Eight structures containing carbamoylbenzoates were found in a search of the Cambridge Structural Database (Version 3.57; Groom et al., 2016[Groom, C. R., Bruno, I. J., Lightfoot, M. P. & Ward, S. C. (2016). Acta Cryst. B72, 171-179.]): N-[2-(4,5,6,7-tetra­hydro­benz­imid­azol-2-­yl)eth­yl]phthalamic acid tetra­hydrate (Elz et al., 1983[Elz, S., Buschauer, A., Drager, M. & Schunack, W. (1983). Z. Naturforsch. Teil B, 38, 1203-1207.]), 2-(phenyl­carbamo­yl)benzoic acid (Smith et al., 1983[Smith, G., Kennard, C. & Katekar, G. (1983). Aust. J. Chem. 36, 2455-2463.]), N-(4-chloro­phen­yl)phthalamic acid (Mornon, 1970[Mornon, J.-P. (1970). Acta Cryst. B26, 1985-1999.]), 2-(pyridin-4-ylcarbamo­yl)benzoate 4-amino­pyridinium monohydrate (Zhu et al., 2010[Zhu, X.-W., Hou, H.-W., Qian, H.-Y. & Zhang, C.-X. (2010). Z. Kristallogr. New Cryst. Struct. 225, 593-594.]), phthalimide–phthalamate monohydrate (Barrett et al., 1998[Barrett, D.-M.-Y., Kahwa, I.-A., Raduchel, B., White, A.-J.-P. & Williams, D.-J.-J. (1998). J. Chem. Soc. Perkin Trans. 2, pp. 1851-1856.]), bi­cyclo­[2.2.1]heptan-2-aminium (R)-2-[(1-phenyl­eth­yl)carbamo­yl]benzoate (Caille et al., 2009[Caille, S., Cui, S., Hwang, T.-L., Wang, X. & Faul, M.-M. (2009). J. Org. Chem. 74, 3833-3842.]), bis­(tri­methyl­ammonium) 7-[2-(carboxyl­ato)benzamido­eth­yl]-7,8-di­carba-nido-undeca­borate(10) (Batsanov et al., 2001[Batsanov, A.-S., Goeta, A.-E., Howard, J.-A.-K., Hughes, A.-K. & Malget, J.-M. (2001). J. Chem. Soc. Dalton Trans. 12, 1820-1826.]) and (R)-1-phenyl­ethanaminium 2-{[(2R,3R)-2,3-dimeth­oxy-2,3-di­methyl-2,3-di­hydro-1,4-benzodioxin-6-yl]carbamo­yl}benzoate (Ramarao et al., 2012[Ramarao, C., Nandipati, R., Navakoti, R. & Kottamasu, R. (2012). Tetrahedron Lett. 53, 637-640.]).
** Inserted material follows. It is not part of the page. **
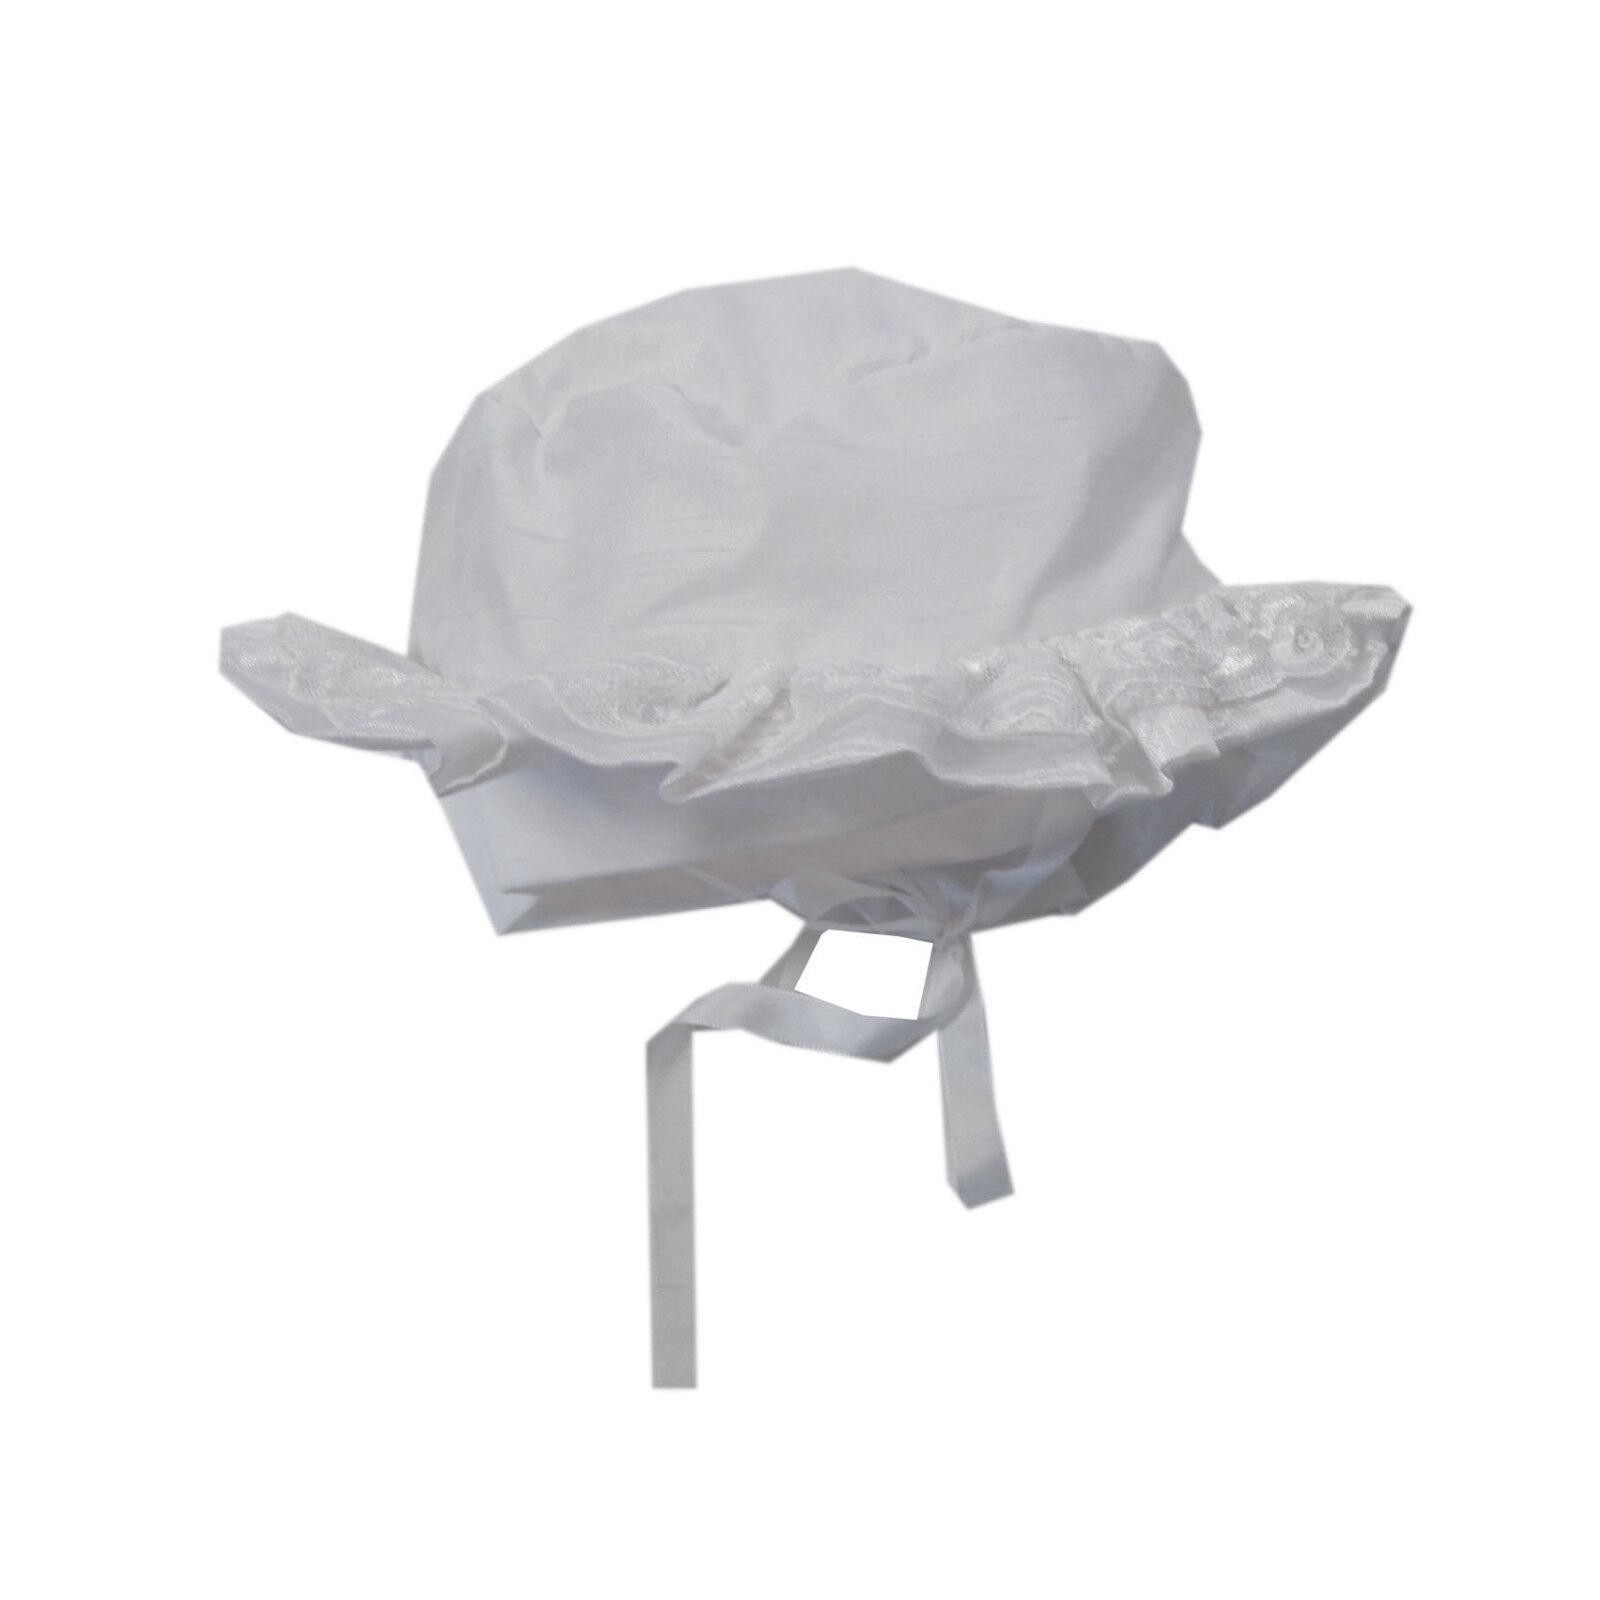 Staab Mütze Mützen Hut Taufe Mädchen Weiß Baby Festlich Gr. 41/43cm, 45/47cm

A search for imino­pyridine derivatives using 4-(λ4-aza­nyl­idene)-4H-1λ2-pyridine as the skeleton gave 15 hits, although none of these were zwitterionic derivatives comparable to the title compound. Of these, only three had aromatic rings in the cation in addition to the imino­poyridine unit (Sharmila et al., 2014[Sharmila, N., Sundar, T. V., Yasodha, A., Puratchikody, A. & Sridhar, B. (2014). Acta Cryst. E70, o1293-o1294.]; Pei et al., 2013[Pei, W.-B., Wu, J.-S., Ning, W.-H., Tian, Z.-F., Liu, J.-L. & Ren, X.-M. (2013). Inorg. Chim. Acta, 398, 28-39.])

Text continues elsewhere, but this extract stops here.